* [Exercise objective] All of the data should be repeated exactly; pictures are not part of the copy.

* [Given data]

----

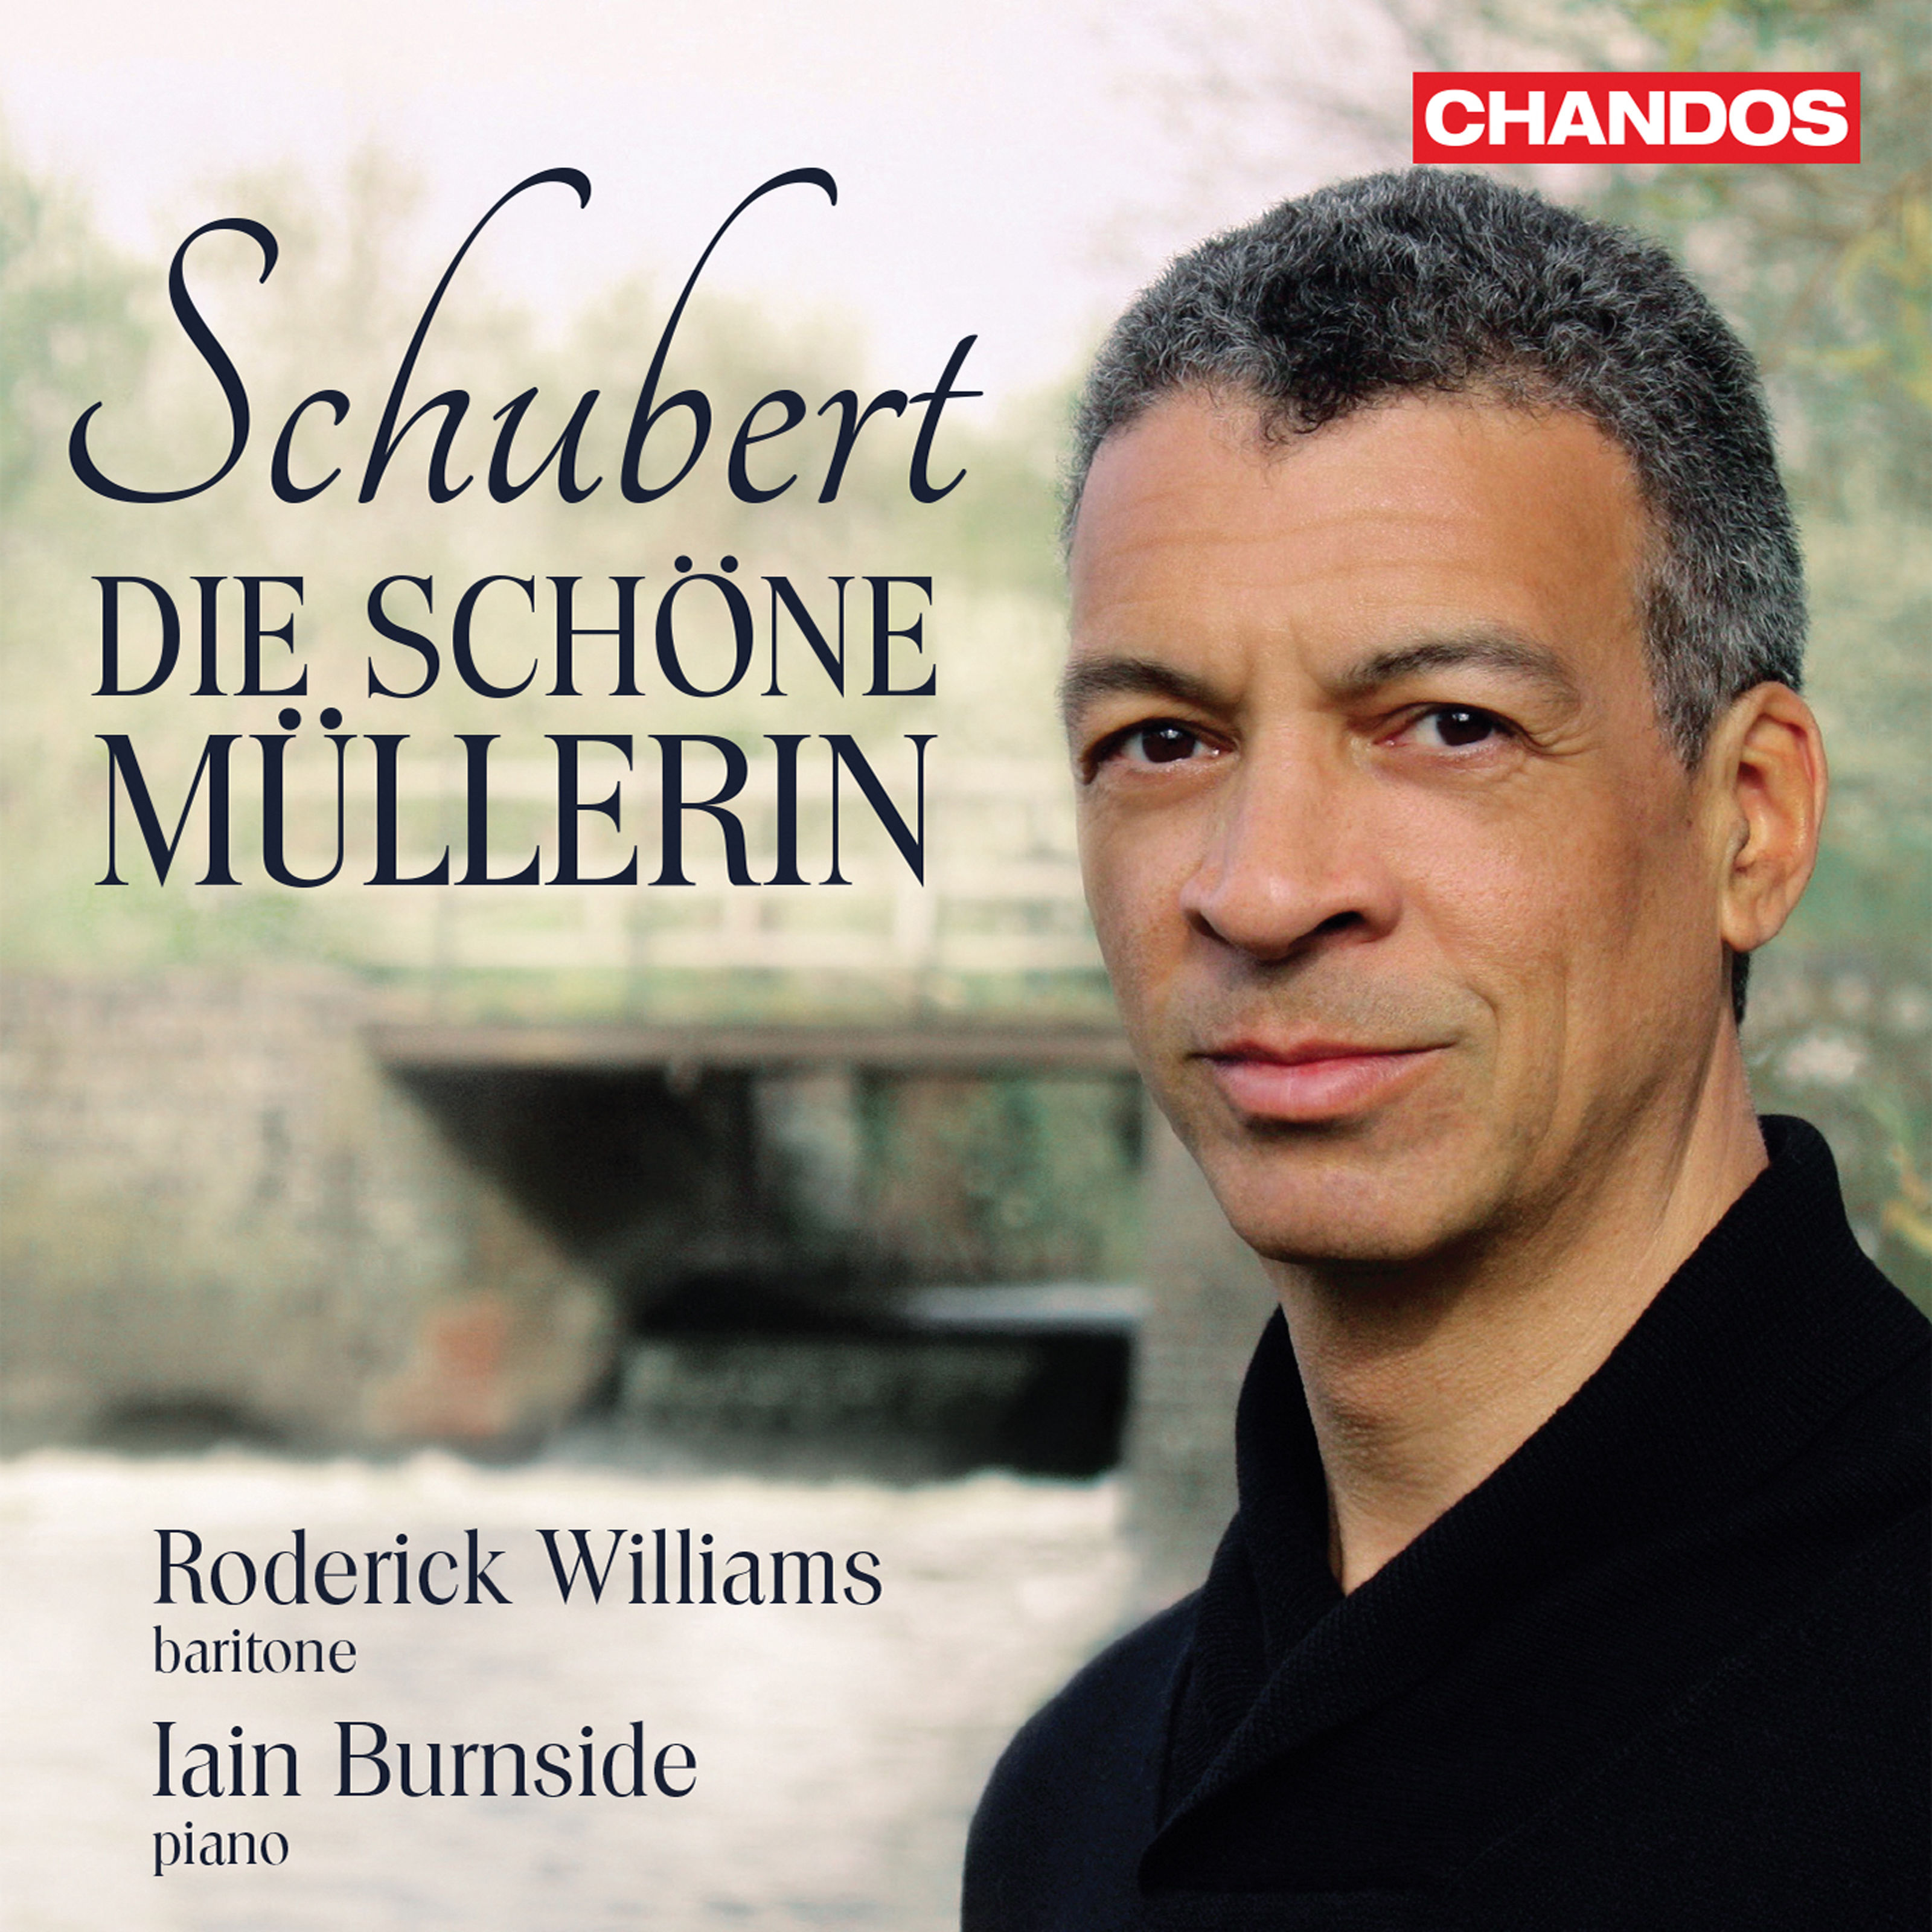 Roderick Williams & Iain Burnside - Schubert: Die schone Mullerin, Op. 25, D. 795 (2019) FLAC 24bit/96kHz]
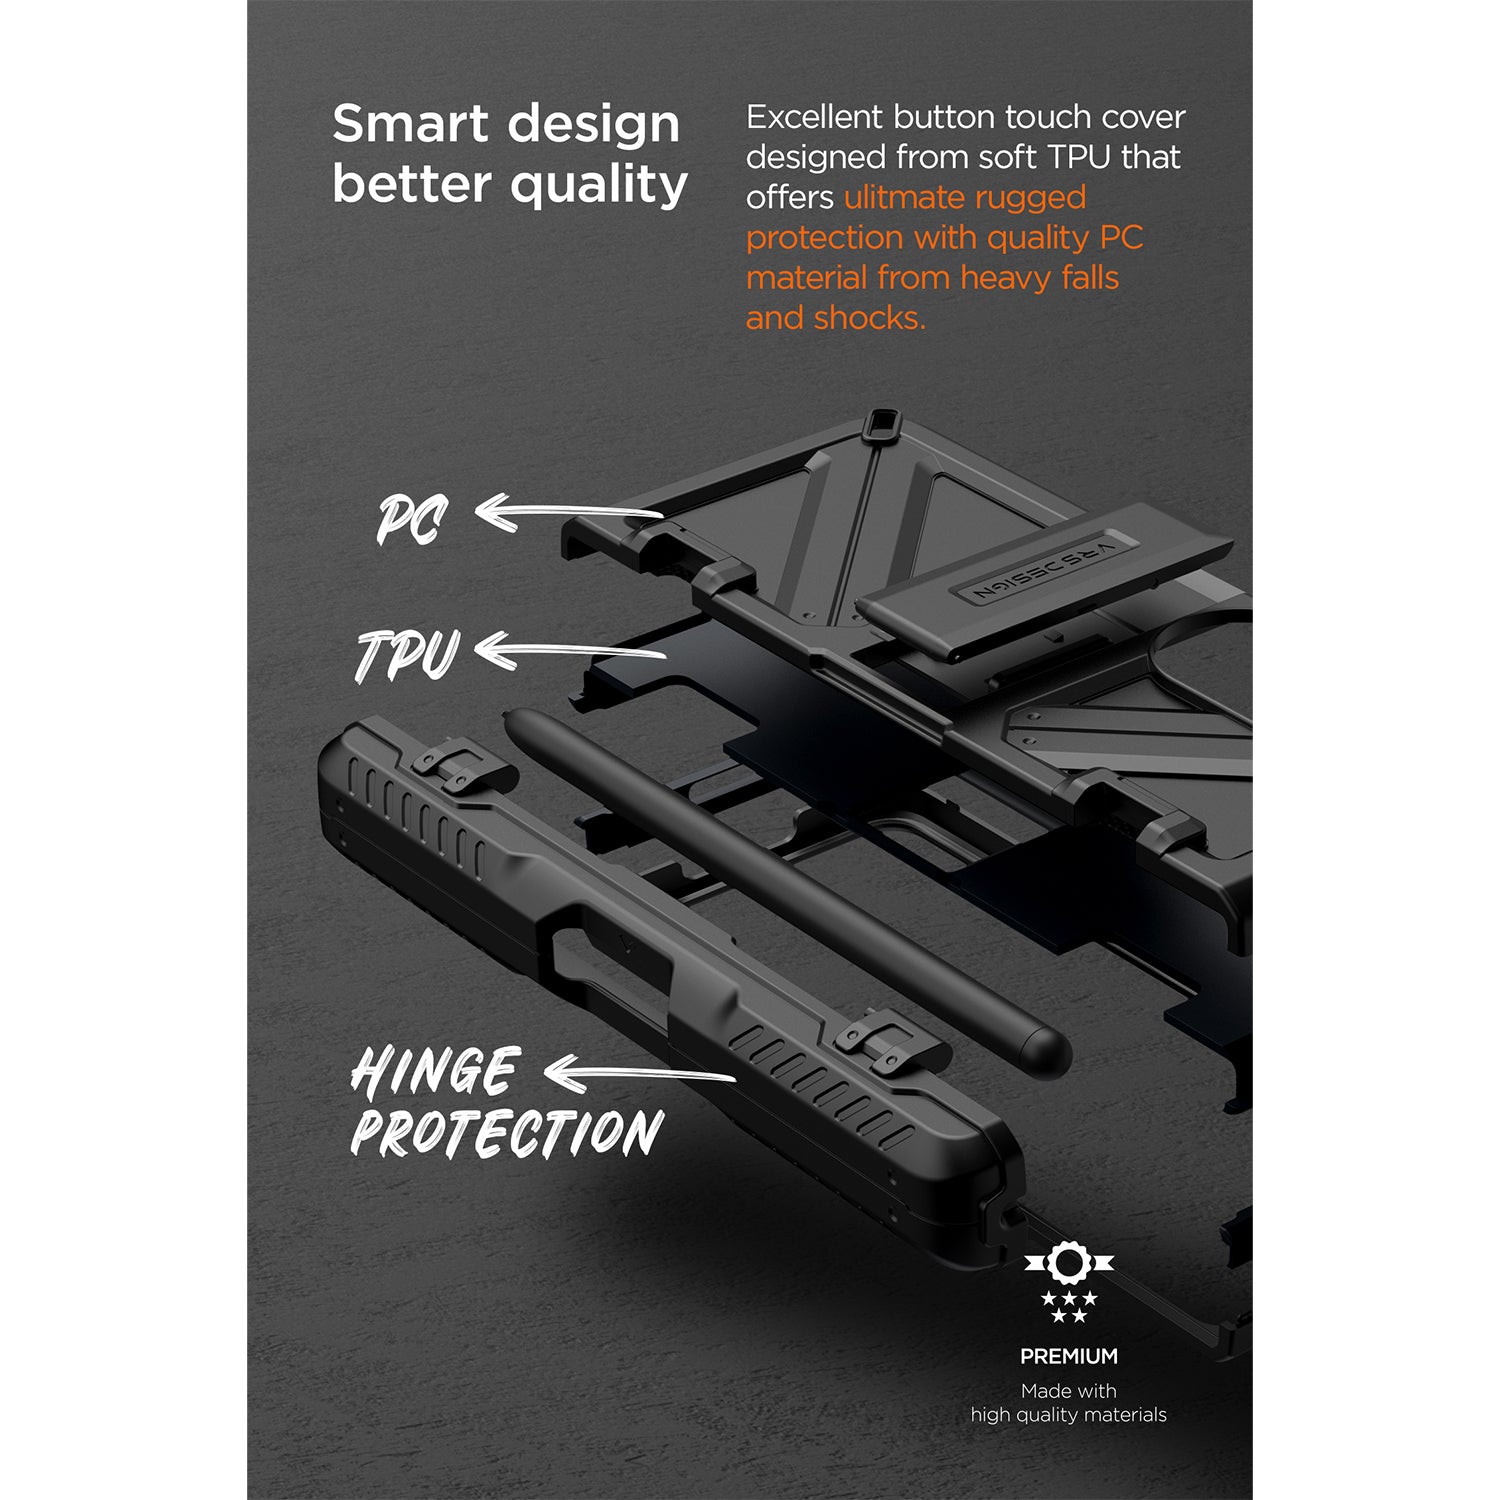 VRS Design Terra Guard Active Ultimate S Case for Samsung Galaxy Z Fold 4 Samsung Case VRS Design 
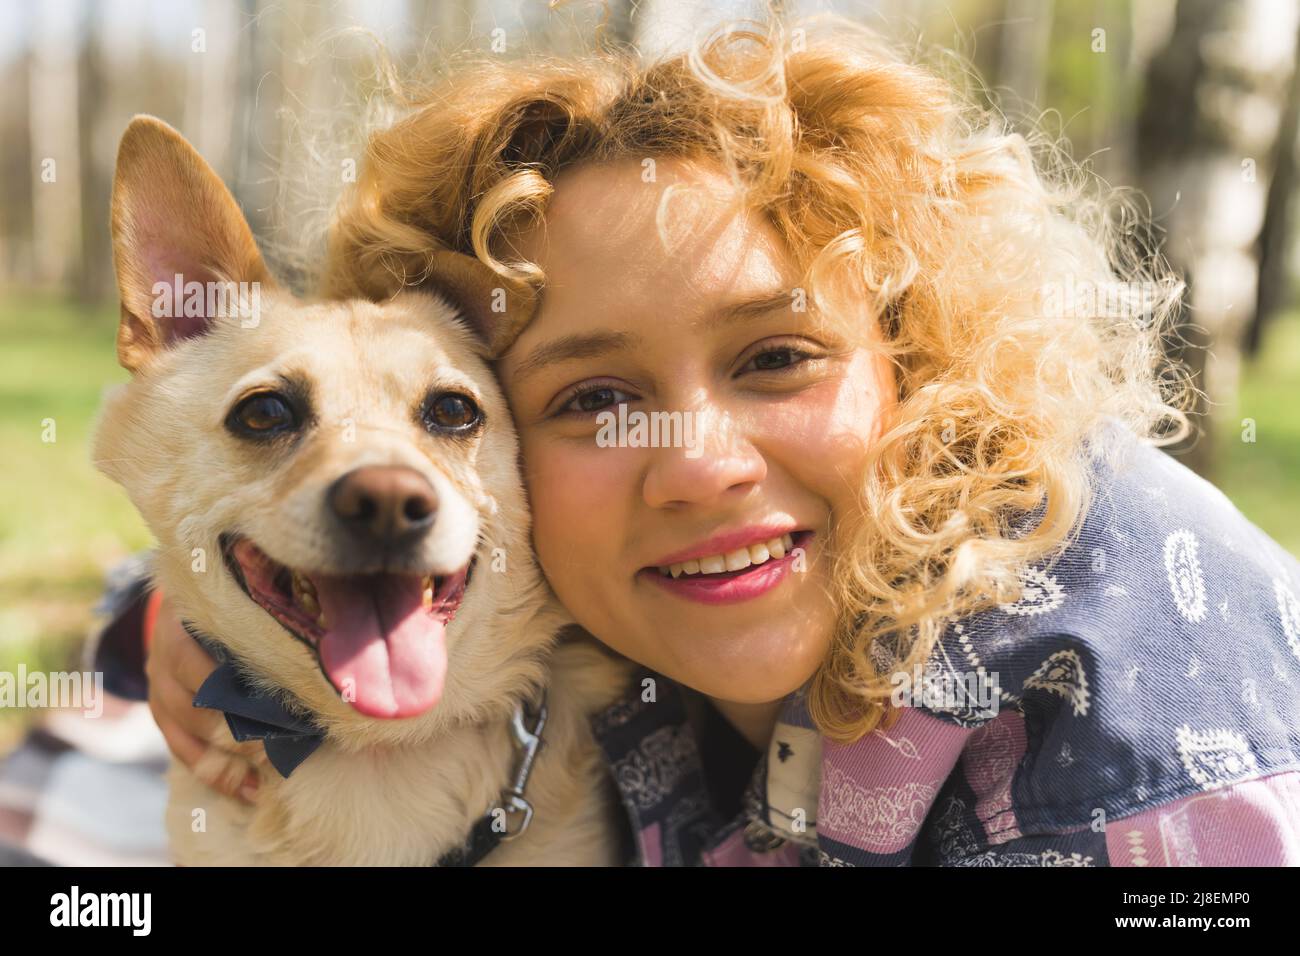 Im Freien Nahaufnahme Porträt einer fröhlichen schönen natürlichen kaukasischen Frau mit lockigen blonden Haaren und einem gemischten Rasse glücklichen Hund. Hochwertige Fotos Stockfoto

----

* [Response area]
 Roderick Williams & Iain Burnside - Schubert: Die schone Mullerin, Op. 25, D. 795 (2019) FLAC 24bit/96kHz]
 VRS Design Terra Guard Active Ultimate S Case for Samsung Galaxy Z Fold 4 Samsung Case VRS Design 
 Im Freien Nahaufnahme Porträt einer fröhlichen schönen natürlichen kaukasischen Frau mit lockigen blonden Haaren und einem gemischten Rasse glücklichen Hund. Hochwertige Fotos Stockfoto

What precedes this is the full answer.